I’m finally doing real work on top of Alfresco – and starting to really like the platform. Why you might ask, and I will answer – in a while. But before that a little recap on what the CMS-landscape looks like from my point of view. I’ve been using, researching and tinkering with numerous different content management systems throughout the years – but haven’t been quite thoroughly satisfied with any of the systems I’ve had to work with, though I have had a lot of fun and profits made with each one of them.

First CMS systems I tinkered with were bespoke systems made with PHP in the early days of my career. There wasn’t any popular projects yet available as people were only just building their first own systems and then realizing how cumbersome and hard work it is to build your own CMS system from the ground up, maintain it and develop all the necessary features needed eventually. Getting things off the ground is easy, but then you start to get the need for more complex features.
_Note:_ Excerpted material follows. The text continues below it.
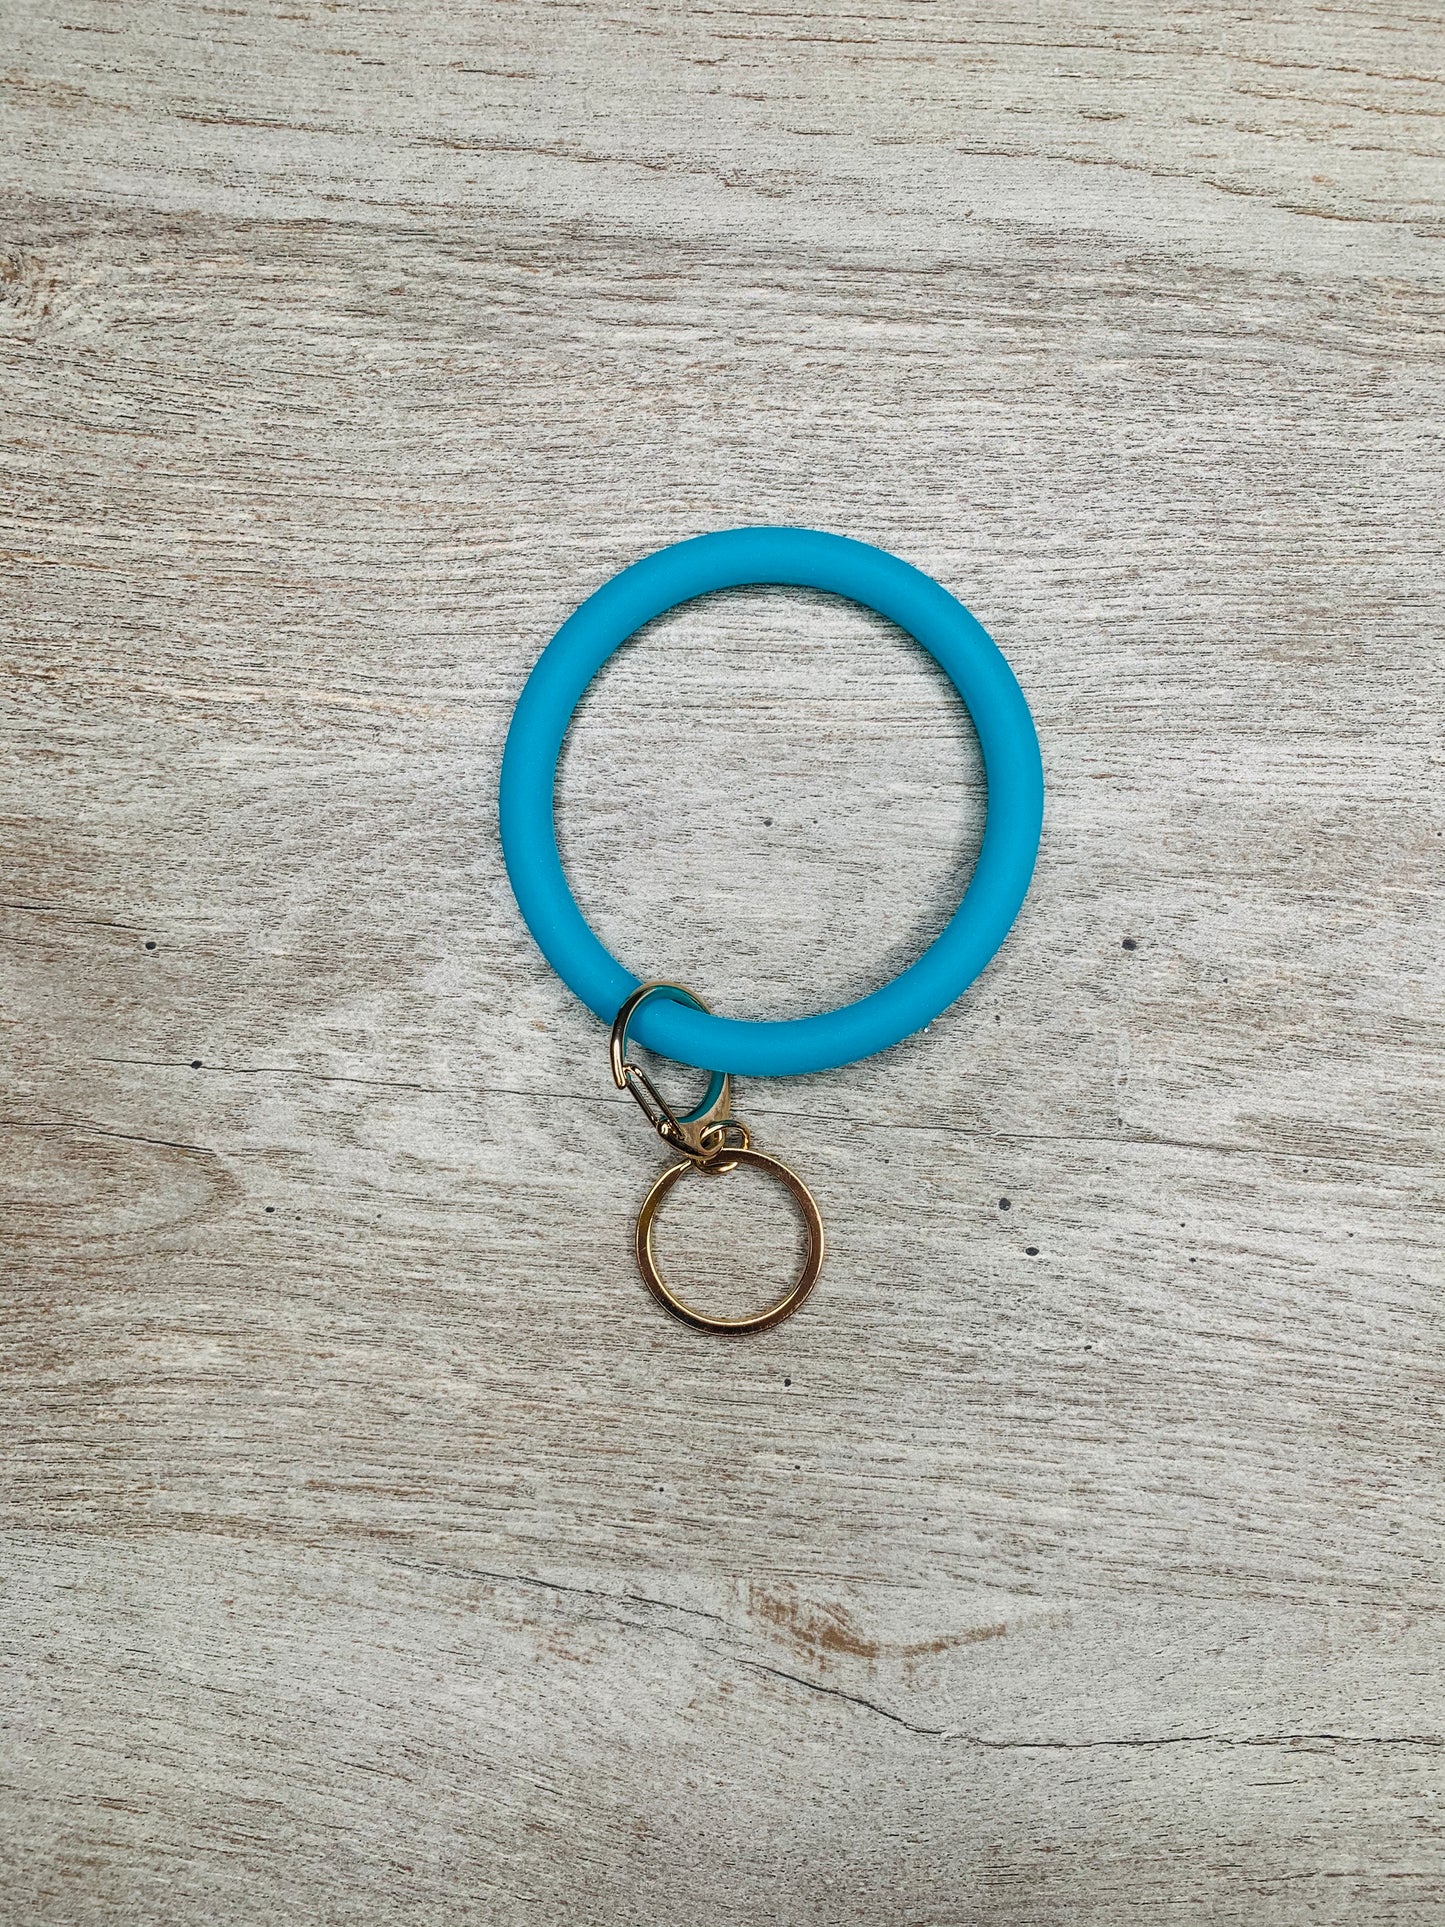 Rubber Key Rings {Multiple Colors Available}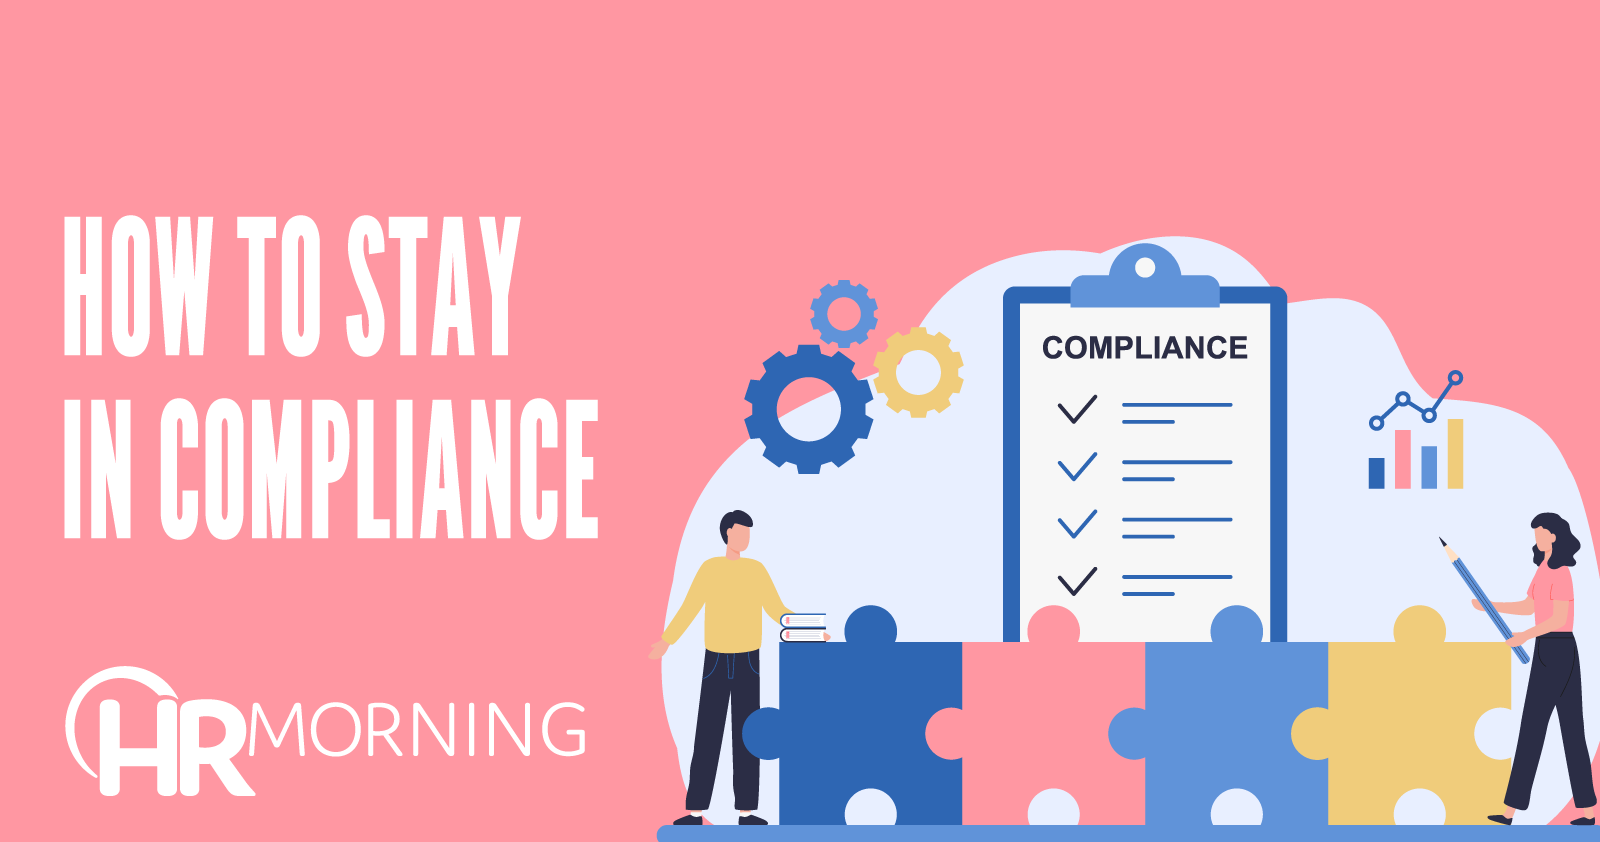 How To Stay In Compliance

Zope / Plone was my first love in the real CMS landscape. Zope’s Contet Management Framework had brilliant ideas and the whole object database was an idea before it’s time. Instead of thinking rows in the database you had content objects in the object database, forming object trees and structures just like the created website or application would do. You did not think in relational terms, but worked only with objects. Common services were also objects inside the site and you could add functionality into the website by creating own services or by writing python scripts into the site. User interface for the site was constructed as a skin, which could be changed on runtime depending on the needs and capabilities of the user’s browser.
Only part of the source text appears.